In 2017, traditional value investing has suffered some of the most eye-raising attacks in recent memory.
It started in June, when Goldman Sachs published a widely circulated report showing that following the value approach espoused famously by Fama and French returned a cumulative LOSS of 15% over the past decade. That is a remarkably bad performance in a climate where the S&P 500 has doubled.
This was followed up in October, when notable value-based hedge fund manager David Einhorn (in a note to Greenlight Capital clients) flat-out said he was having “questions regarding whether value investing is a viable strategy”. Einhorn and Greenlight are highly respected in the investment world. Nevertheless, his fund is underperforming the S&P 500 by over 11% in 2017, after trailing the market by 3% in 2016 and posting a horrid 2015, with losses of 20% vs. the market’s 1.4% gain.

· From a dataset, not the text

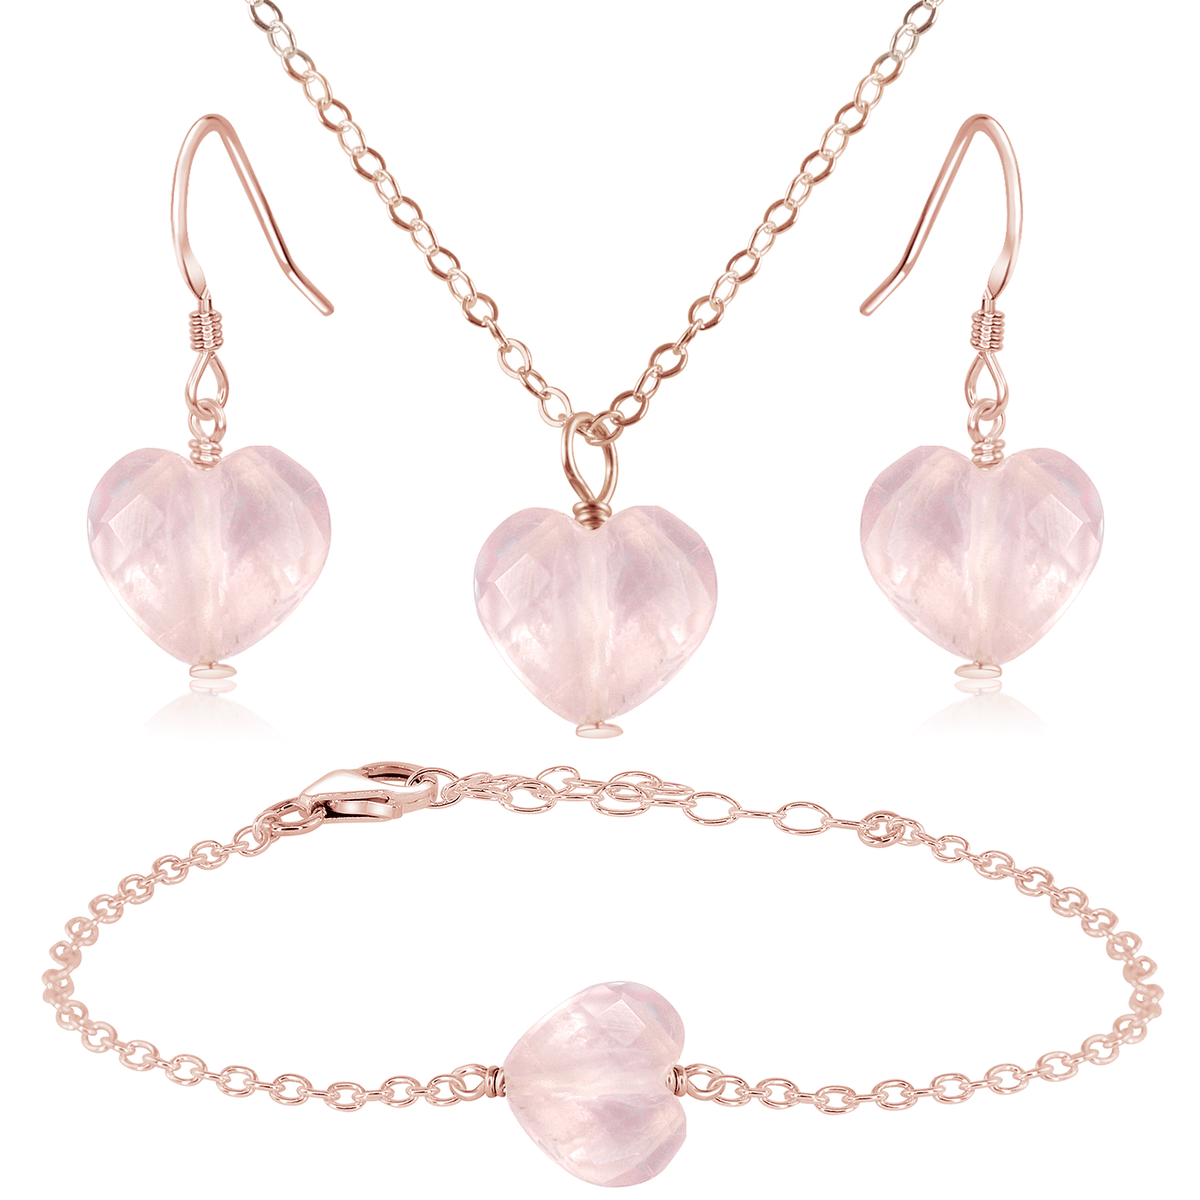 Rose Quartz Crystal Heart Jewellery Set - Rose Quartz Crystal Heart Jewellery Set - 14k Rose Gold Fill / Cable / Necklace & Earrings & Bracelet - Luna Tide Handmade Crystal Jewellery

Anecdotally, our experience in pure value strategies has not been particularly impressive, either. We followed Joel Greenblatt’s straight value Magic Formula screen “universe” exclusively for 8 years, with a cumulative performance roughly in line with the S&P 500’s. In the 2 years since, our two value-based ranked screens (“spells”) have underperformed the market by pretty substantial margins, while our growth-based screen has beaten the market by nearly 11% to date.
So what is going on? Is old school value investing really dying? Or are we in an unusual trough for the strategy, that will likely turn around and prove value as the “winning” investment philosophy once again?
Why Is Value Losing?
Both Einhorn and media mogul John Malone have focused the blame on one culprit: Amazon.com (AMZN).
To say Amazon has disrupted not just retail, but the business world at large is an understatement. And now, these prominent investors believe it is disrupting investment modeling itself.